The Rich List does not reveal a nation of boundless opportunity for anyone who wants to "have a crack", it reveals a system that concentrates wealth and narrows the pathways to economic security, writes Professor Carl Rhodes.

THE YEAR GLOBAL neoliberal economic reforms hit full swing? 1984. In the United Kingdom, Margaret Thatcher confronted the miners to break the union's power. In the United States, Ronald Reagan entrenched tax cuts and deregulation.

Across the developing world, the International Monetary Fund (IMF) and World Bank rolled out structural adjustment programs that forced governments to privatise, liberalise, open markets and cut public spending.

The direction of global economic policy was clear. Markets were prioritised over states, and capital over labour. But neoliberalism was never just an economic project; it was a cultural one. It reshaped how we think about success, fairness and who deserves to get ahead.

In Australia, one of neoliberalism’s most enduring cultural artefacts emerged at precisely this moment. In 1984, Business Review Weekly published the first BRW Rich List, a ranking of the nation’s 200 wealthiest individuals and families. Rebranded as the Financial Review Rich List in 2017, it remains a fixture of national life, setting the terms on which wealth is publicly understood and admired.

The deserving rich?

More than 40 years on, the formula has not changed, but the stakes have. The recently released 2026 edition reported that the richest 200 had a combined wealth of $707 billion.

The growth in the fortunes at the top is astounding. Adjusted for inflation, the total wealth of those on the 1984 list was just under $25 billion. The personal wealth of Australia’s richest person, mining magnate Gina Rinehart, is now more than one and a half times that much.

But "The Rich List" does more than catalogue riches and chronicle the fates of those who benefit from gross inequality. It serves to justify extreme wealth as both deserved and desirable.

The story peddled by the AFR is one of meritocracy. Wealth appears as the reward for aspiration, hard work, talent and risk-taking. The moral of this story is that those at the top have earned their place and those below them have not.

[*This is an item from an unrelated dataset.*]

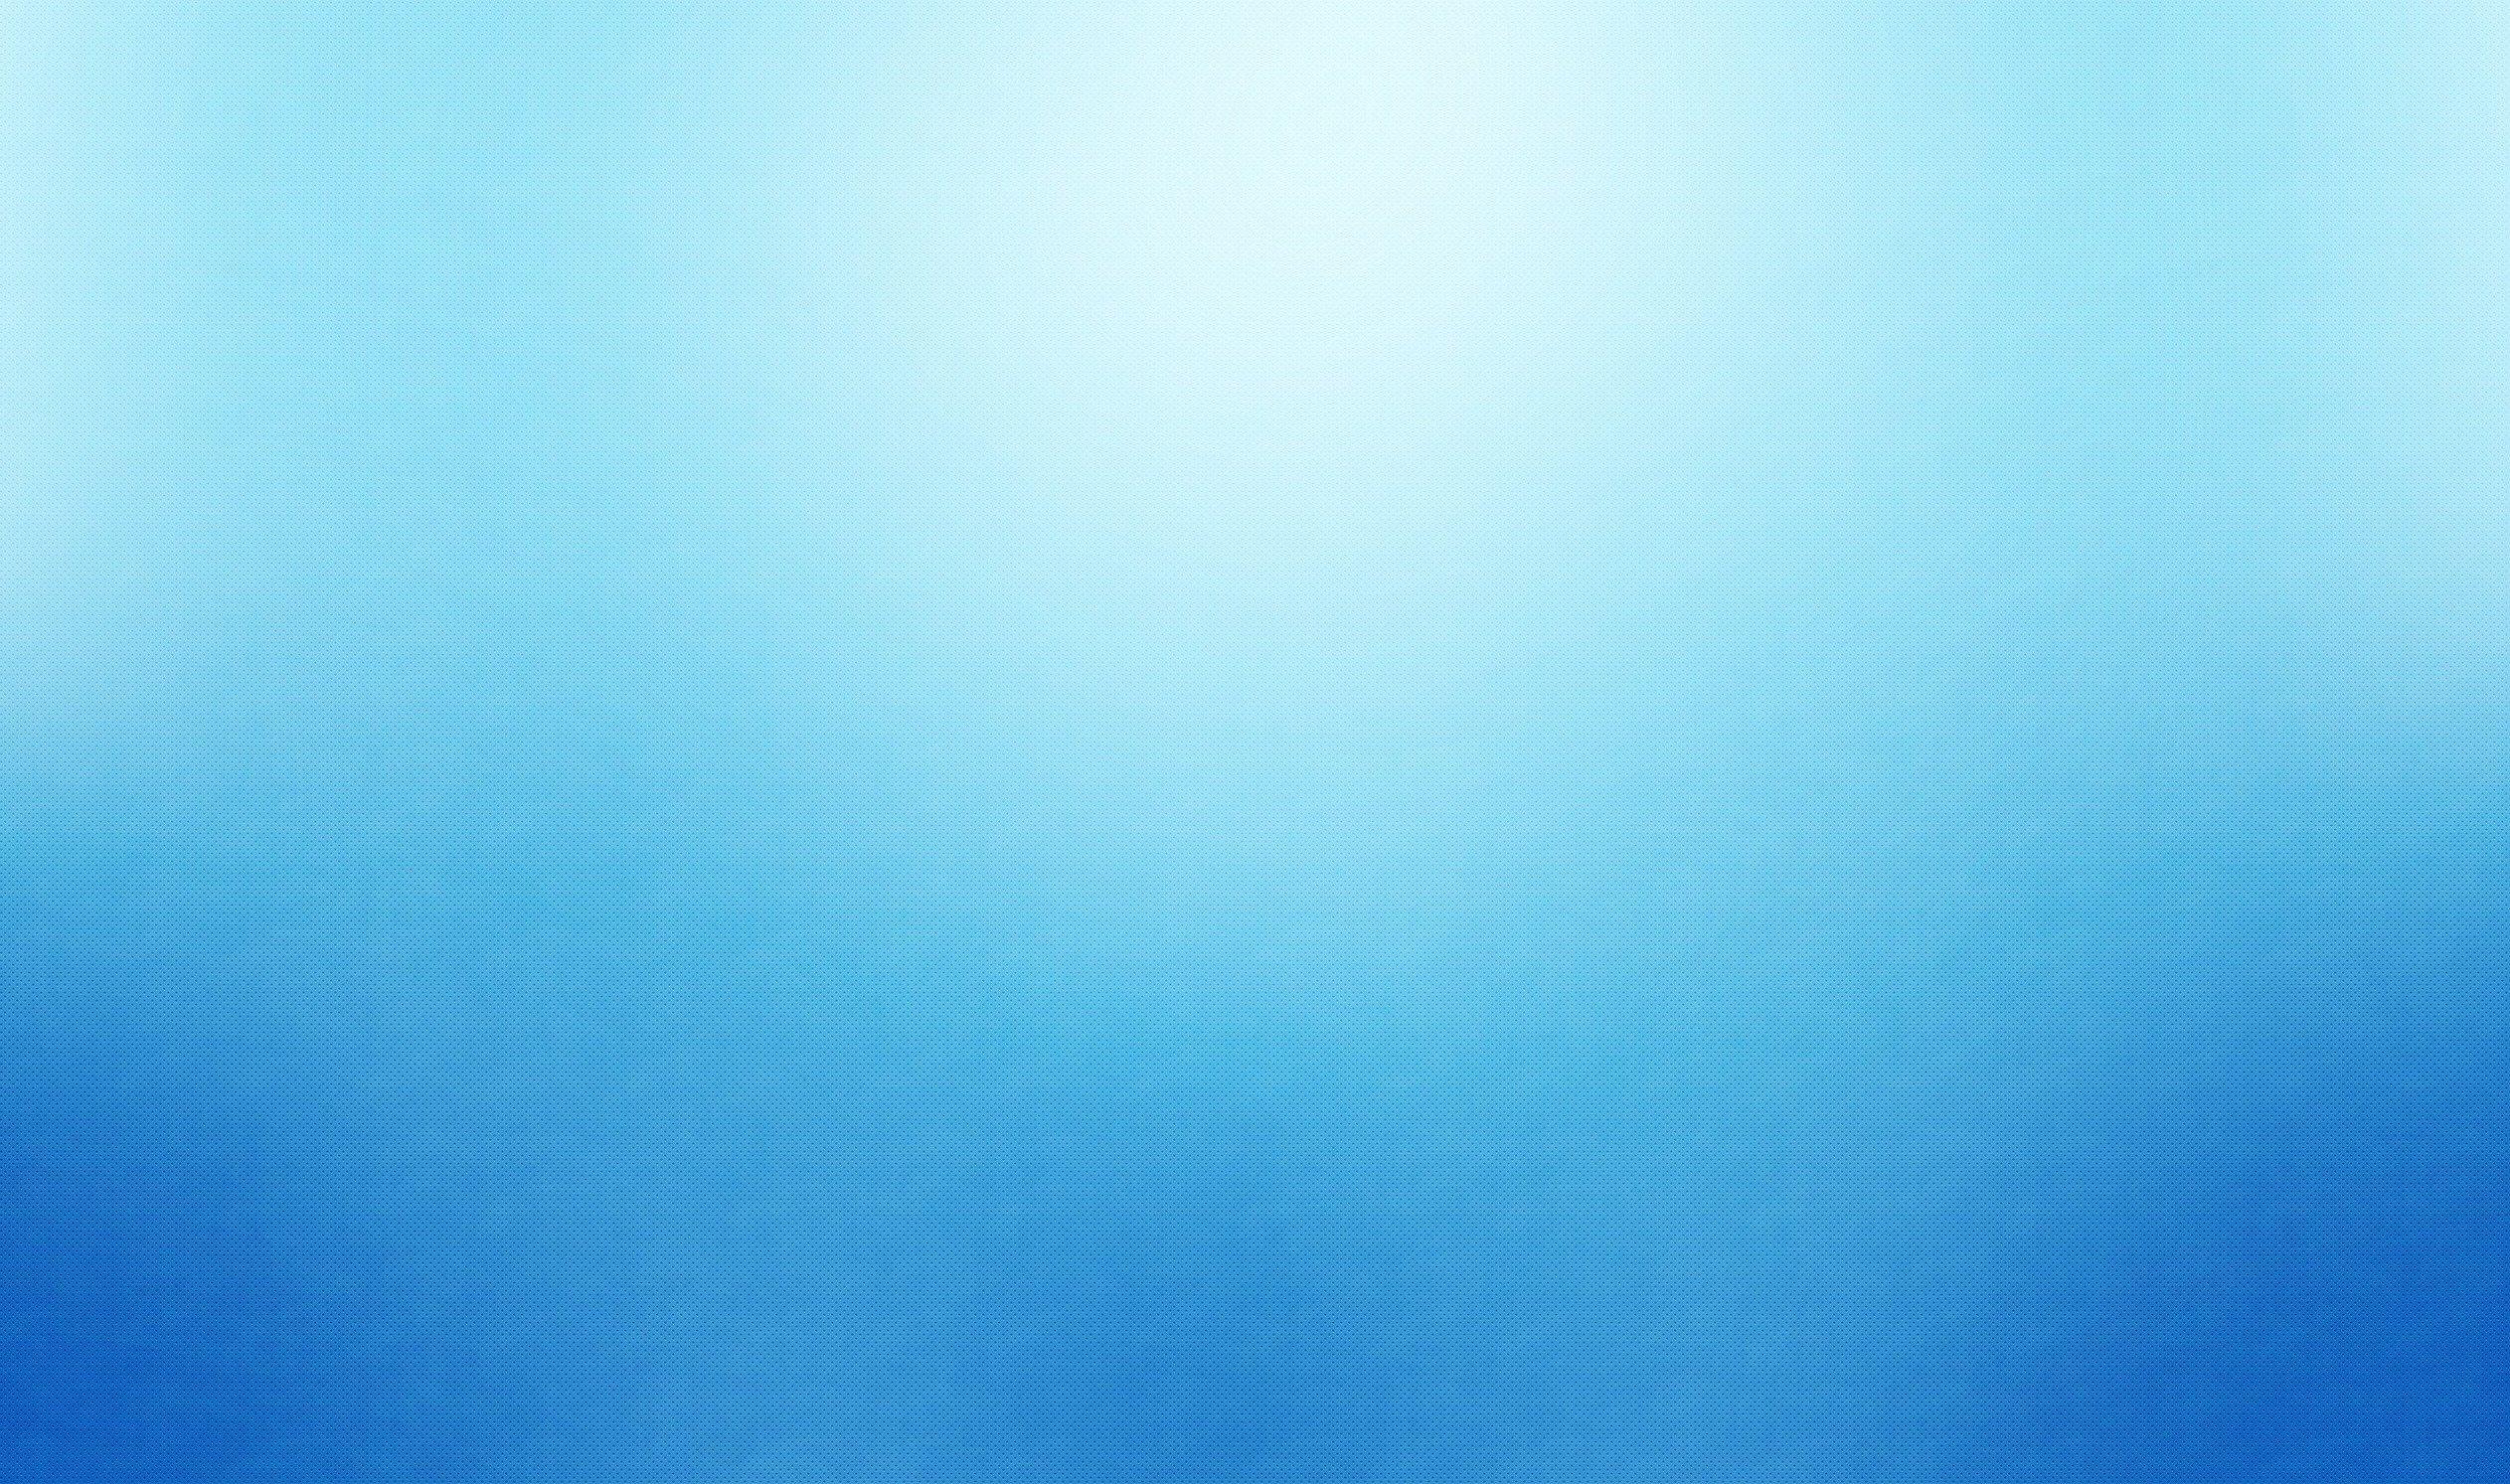 Background_CP_Video.jpg

This ethos was summed up by business journalists James Thomson and Anthony Macdonald on the Australian Financial Review’s Chanticleer podcast, referring to the list as the “greatest single project in Australian journalism”

Anthony said:

“These are people that are out there doing stuff, and for me, that’s what The Rich List is about”

James, former editor of The Rich List, responded:

“Yeah, great call... We’ve got a 17-year-old son at home and he’s wondering what he should do with his life. In a way, the rich list says just go and have a crack at something”.

This is the story contemporary Australia tells itself. Everyone can "have a crack" and anyone can make it if they try hard enough.

The closing of opportunity

The reality is that more and more people are being left behind.

Over the decades since The Rich List began, Australia has undergone a profound transformation. It has shifted from a wage-based, relatively egalitarian economy to one in which wealth is both unevenly distributed and increasingly determined by asset ownership.

The result is stark. The top 10% of people ranked by wealth now own around 57% of all wealth, while the bottom 40% hold just over 5%.

For most working Australians, the pathways to economic security have narrowed. Wage growth has stagnated. Secure employment has become less certain. And home ownership, once the cornerstone of middle-class life, is slipping out of reach.

For younger Australians in particular, the idea of building wealth through property is increasingly a privilege reserved for those who already own assets or inherit them.

A scoreboard for a broken system

What The Rich List presents as a celebration of individual success is, in reality, the outcome of structural changes that have been entrenched through decades of neoliberal policy reform. These same policy settings have made it harder for others to get ahead.

The Rich List both obscures widening economic inequality while providing it with a moral justification. By heralding individual fortunes, it invites admiration for extreme wealth while diverting attention from the unfair economic system that produces it.

In doing so, it performs an important ideological function. It sustains the belief that Australia remains a meritocracy where success is open to all, and that inequality simply reflects differences in effort and ability.

The evidence points in the opposite direction. Opportunity is becoming more unequal, not less. Access to wealth is increasingly determined by what you own, not what you do.

The Rich List does not reveal a nation of boundless opportunity for anyone who wants to "have a crack". It tells a different story of a system that concentrates wealth and narrows the pathways to economic security.

It is a scoreboard for a system that has steadily closed off the very opportunities it claims to celebrate.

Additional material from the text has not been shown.